The hyperspectral images in the Xiongan dataset were collected during the period from 15:40 to 16:03 on 3 October 2017, by using the VNIR module of AMMIS carried by an aircraft. The aircraft was operated at an altitude of 2000 m, with a coverage area of 1320 km 2 . After implementing high-precision geometric correction, band registration, radiometric calibration, and residual strip-noise removal [10,49], 1-level hyperspectral image data with 256 bands and a spectral resolution of 2.4 nm were obtained. As the hyperspectral images were acquired in clear, cloud-free weather conditions, they were less affected by clouds and the atmosphere.
Simultaneously, to manually acquire labels of the Xiongan dataset, IRSA conducted ground-truth investigations and accurately mapped the geometry of each site. In the Matiwan village of Xiongan, the research team investigated 57 sample areas and obtained 39 pictures. Finally, 12 categories were defined based on the ground investigations, as shown in Table 1 and Figure 1. After geographic registration, the ground-truth labels and hyperspectral images constituted a complete Xiongan dataset with a pixel resolution of 3750 × 1580 and spatial resolution of 0.5 m.

3.2. Experimental Setup

To evaluate the performance of NearPseudo, three distinct experiments were performed as follows. (1) We performed multiple sampling to generate data subsets with variable degrees of imbalance for comparing the performance of NearPseudo with several other well-known preprocessing methods. The significance of differences between NearPseudo and others was evaluated by the paired t-test. (2) We utilized several types of common hyperspectral image classifiers to classify the unbalanced and balanced datasets and evaluated the performance of NearPseudo. (3) We modulated the different hyperparameters of NearPseudo and performed classification experiments to determine the mechanism for establishing the optimum values of hyperparameters in NearPseudo.

3.2.1. Sampling the Imbalanced Data Subset

In the case of hyperspectral image methods, the processing of imbalanced datasets with varying degrees of imbalance may vary. Thus, to compare the influence of hyperspectral image methods on the classification of datasets with different degrees of imbalance, we designed three training subsets: T1, T2, and T3 (Table 1).
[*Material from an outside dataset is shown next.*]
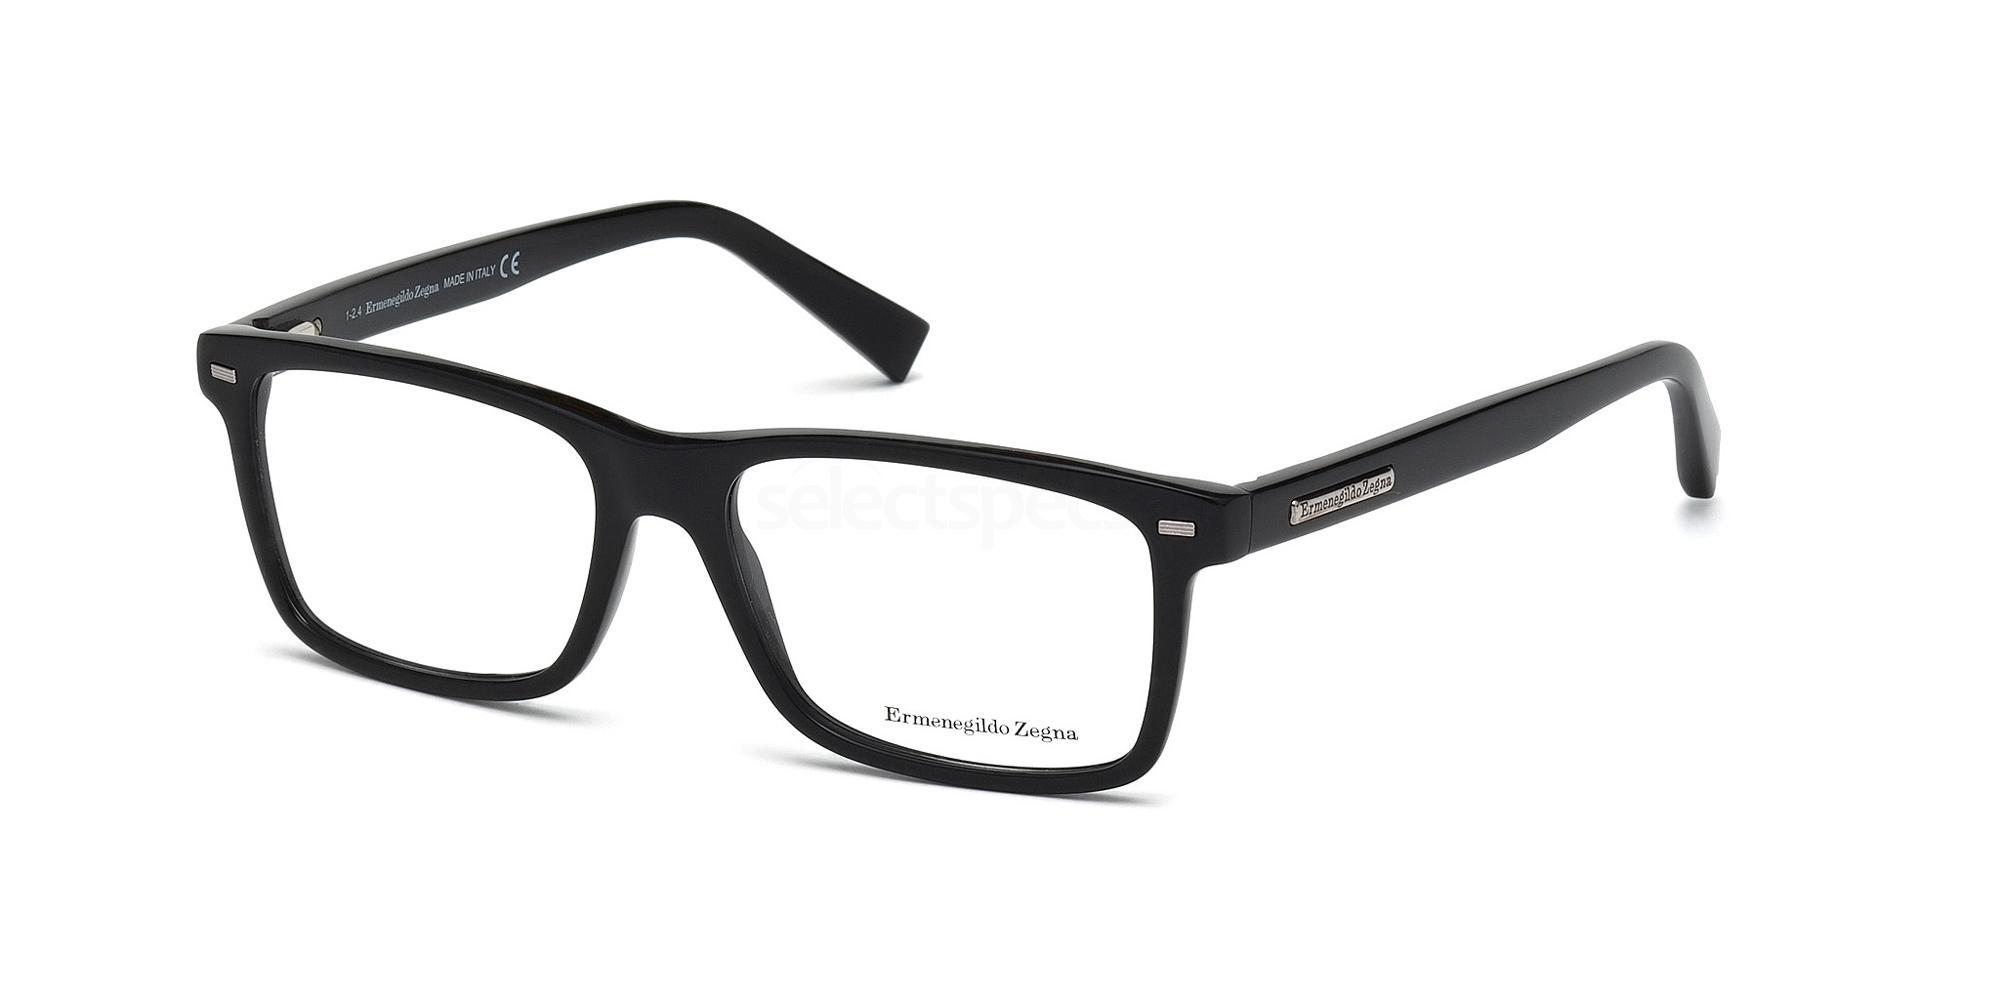 001 EZ5002 Glasses, Ermenegildo Zegna

R (Max/Min), the ratio of maximum to minimum number of classes, is the difference between the three training subsets, which can be used to measure the degree of imbalance. T1 represents an extremely imbalanced training dataset with R (Max/Min) = 14.0, T2 represents a comparatively imbalanced training dataset with R (Max/Min) = 3.5, and T3 represents a slightly imbalanced training dataset with R (Max/Min) = 1.6 (Table 1). In addition, as shown in Table 1, when designing the three training subsets, we aimed to avoid the repetition of minority classes appearing in the same class. Thus, the results remain unaffected by the data quality of a certain class.
According to the designs in Table 1, we randomly performed multiple sampling to generate imbalanced training and testing datasets on a per-pixel basis without being returned to the dataset. The training and test datasets were two disjoint datasets. In addition, the number of testing data selected for each class was fixed at 2/7 of the number of classes with the maximum training data. As shown in Table 1, we sampled 800 entities from each class equally to construct the testing dataset and avoid the effects of imbalanced data during the testing process.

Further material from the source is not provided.